Return the entries verbatim and drop every picture.

• Records drawn from a dataset
=====
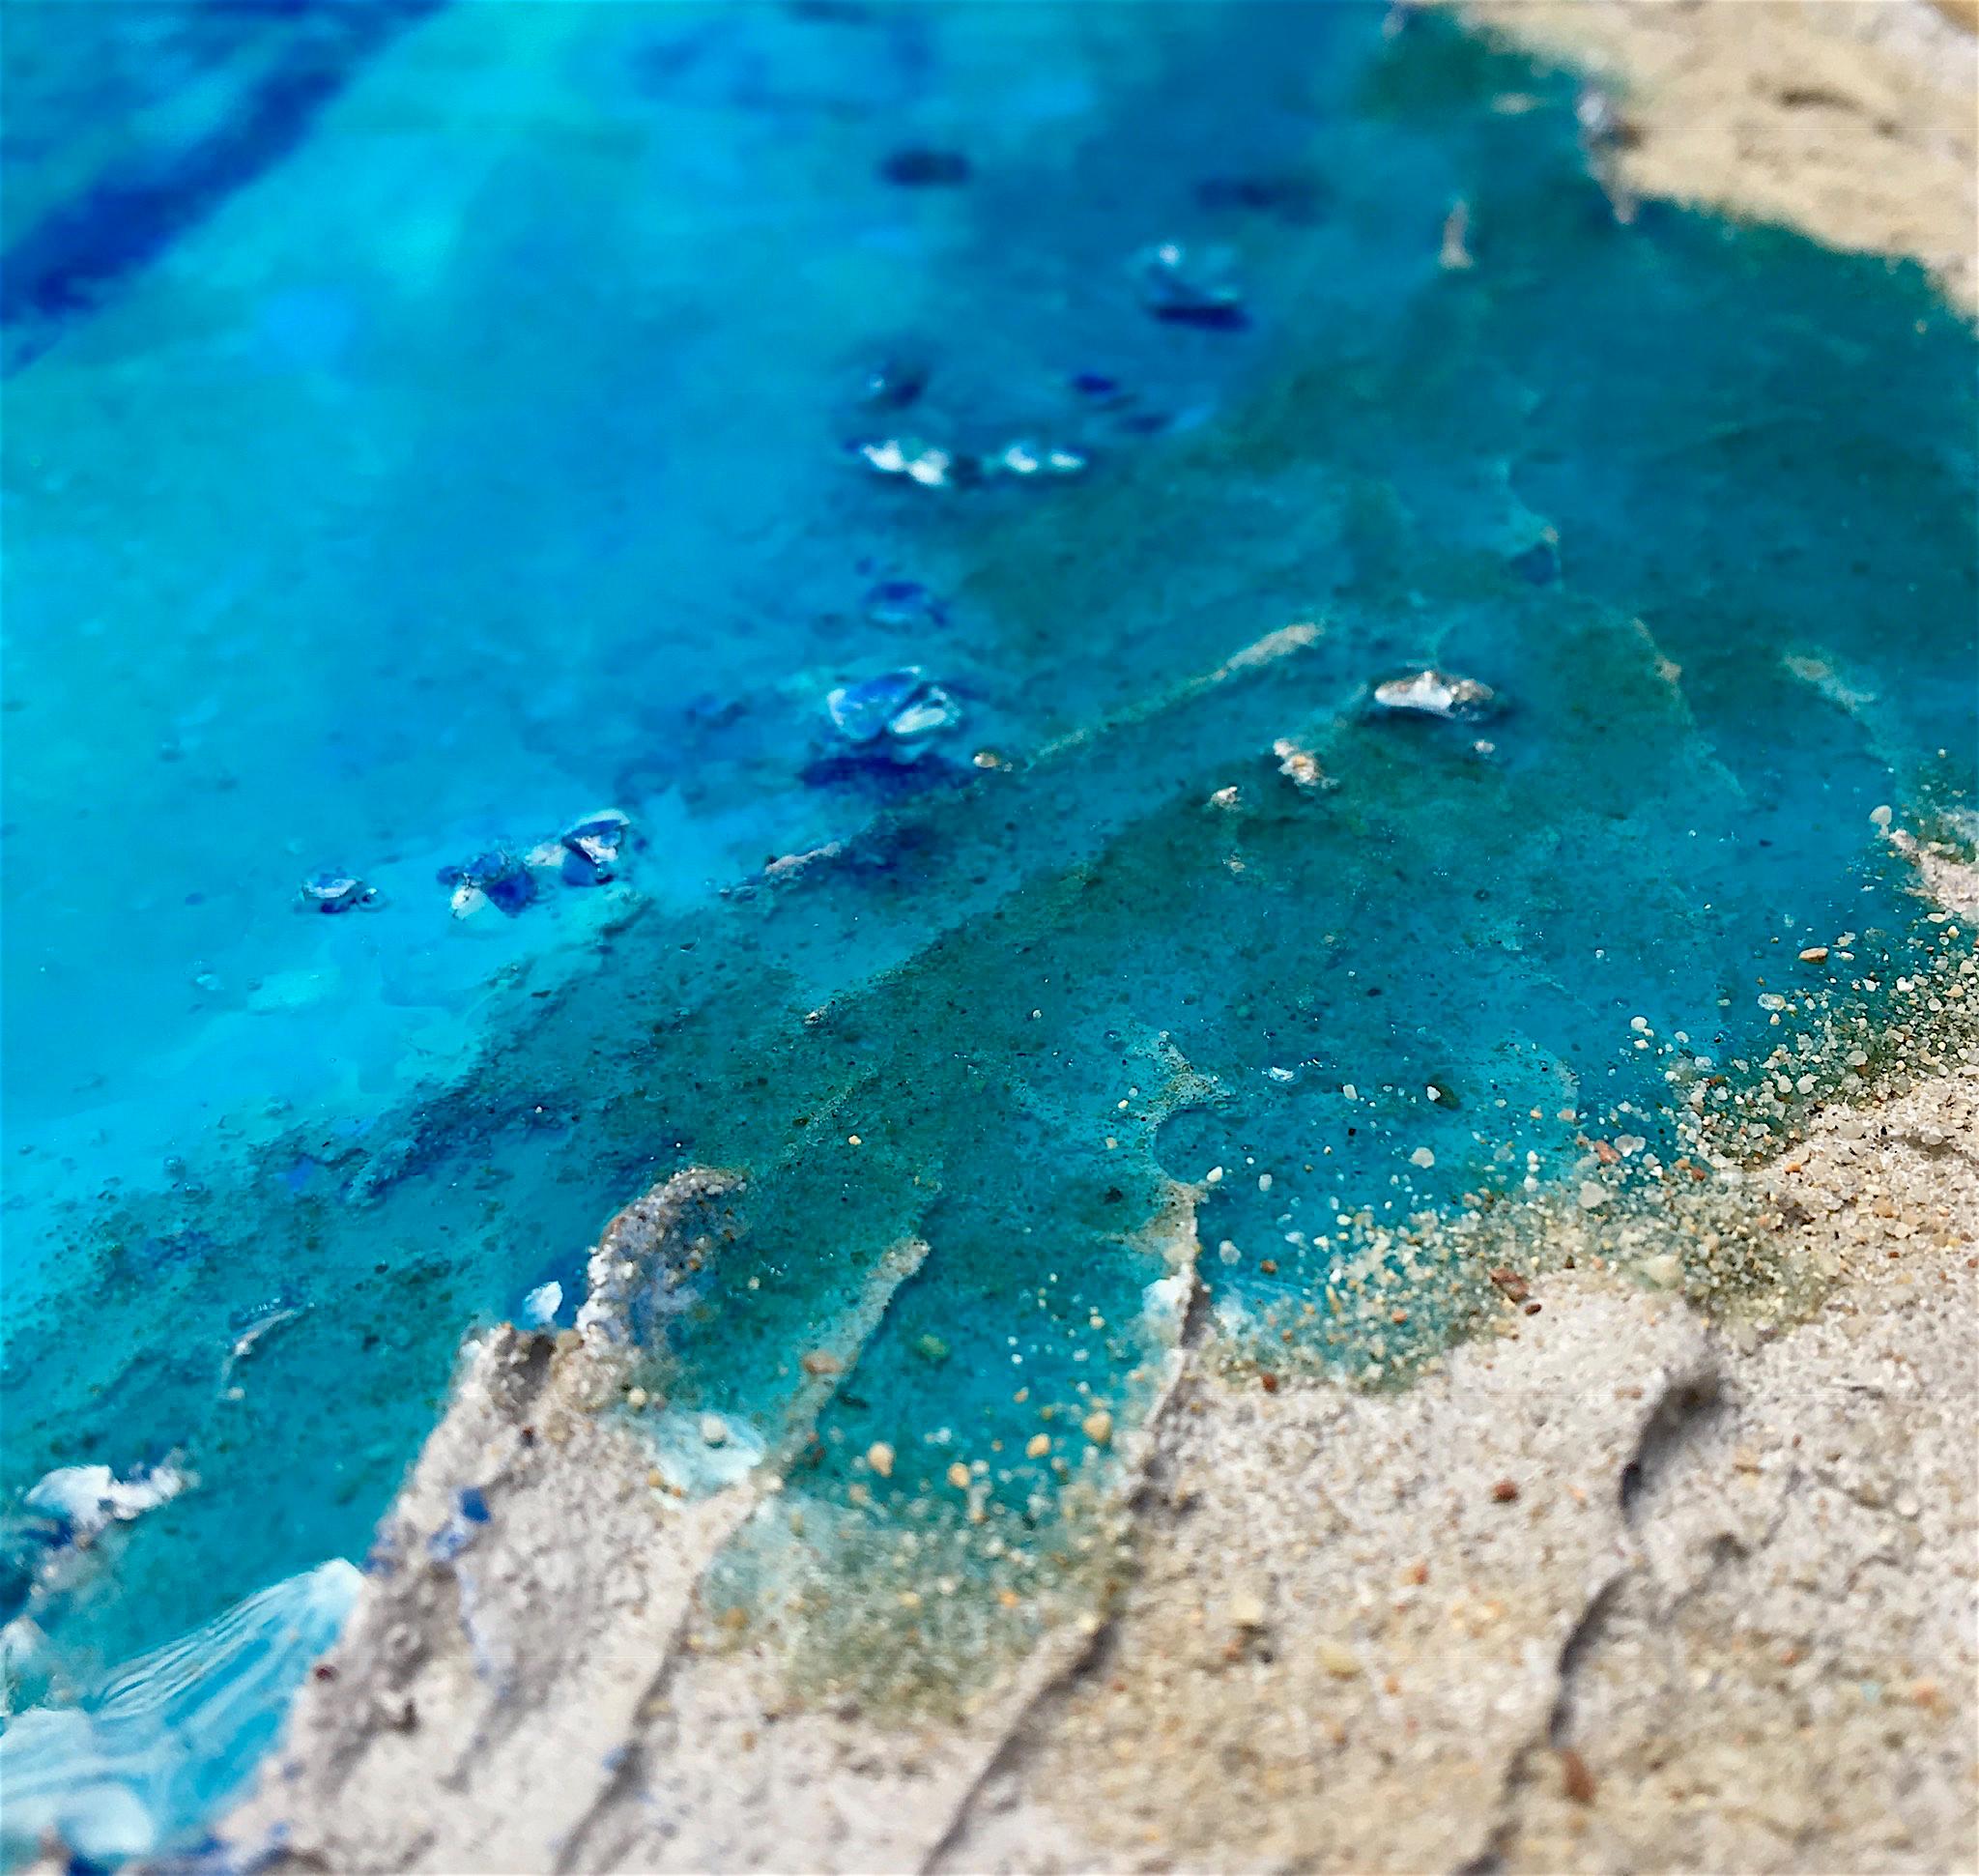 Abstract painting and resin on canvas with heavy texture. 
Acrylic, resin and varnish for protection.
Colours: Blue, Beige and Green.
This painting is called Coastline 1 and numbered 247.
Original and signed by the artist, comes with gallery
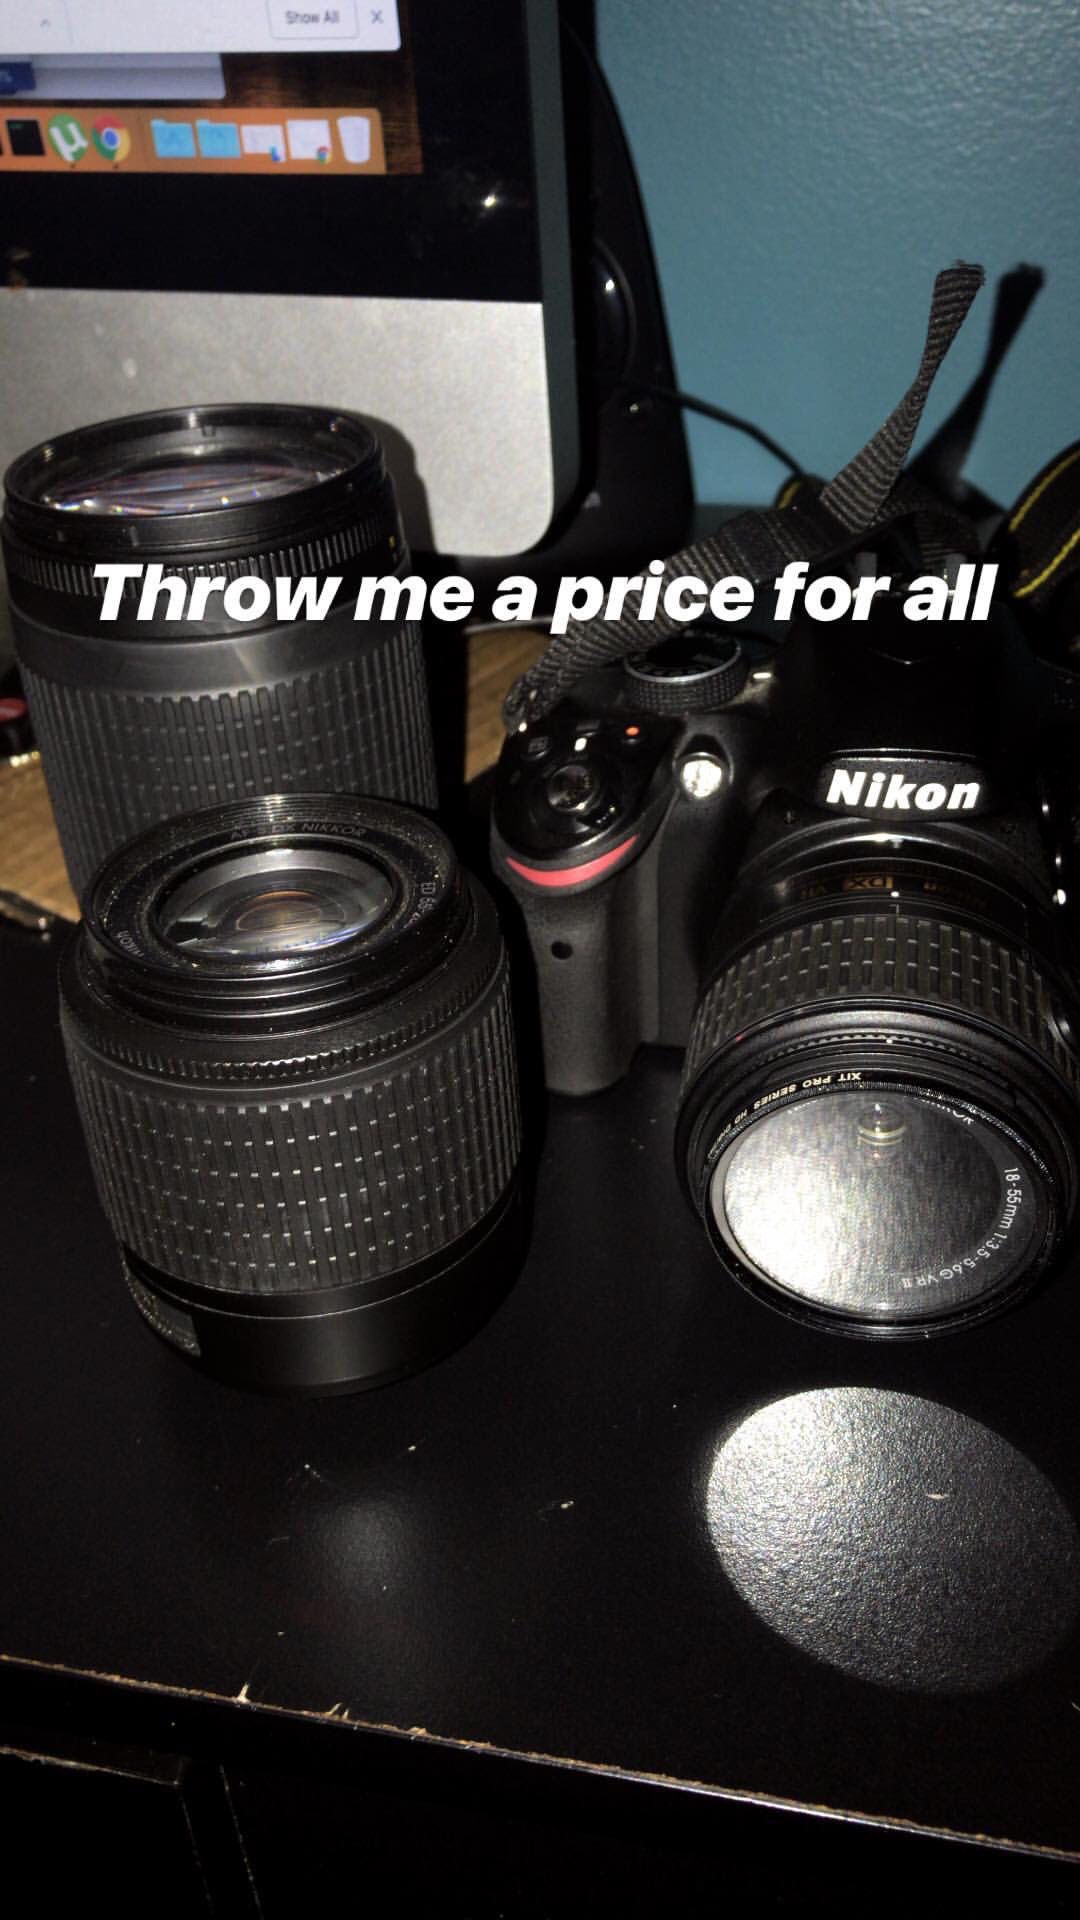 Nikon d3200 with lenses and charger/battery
=====
• The completed task
 Abstract painting and resin on canvas with heavy texture. 
Acrylic, resin and varnish for protection.
Colours: Blue, Beige and Green.
This painting is called Coastline 1 and numbered 247.
Original and signed by the artist, comes with gallery
 Nikon d3200 with lenses and charger/battery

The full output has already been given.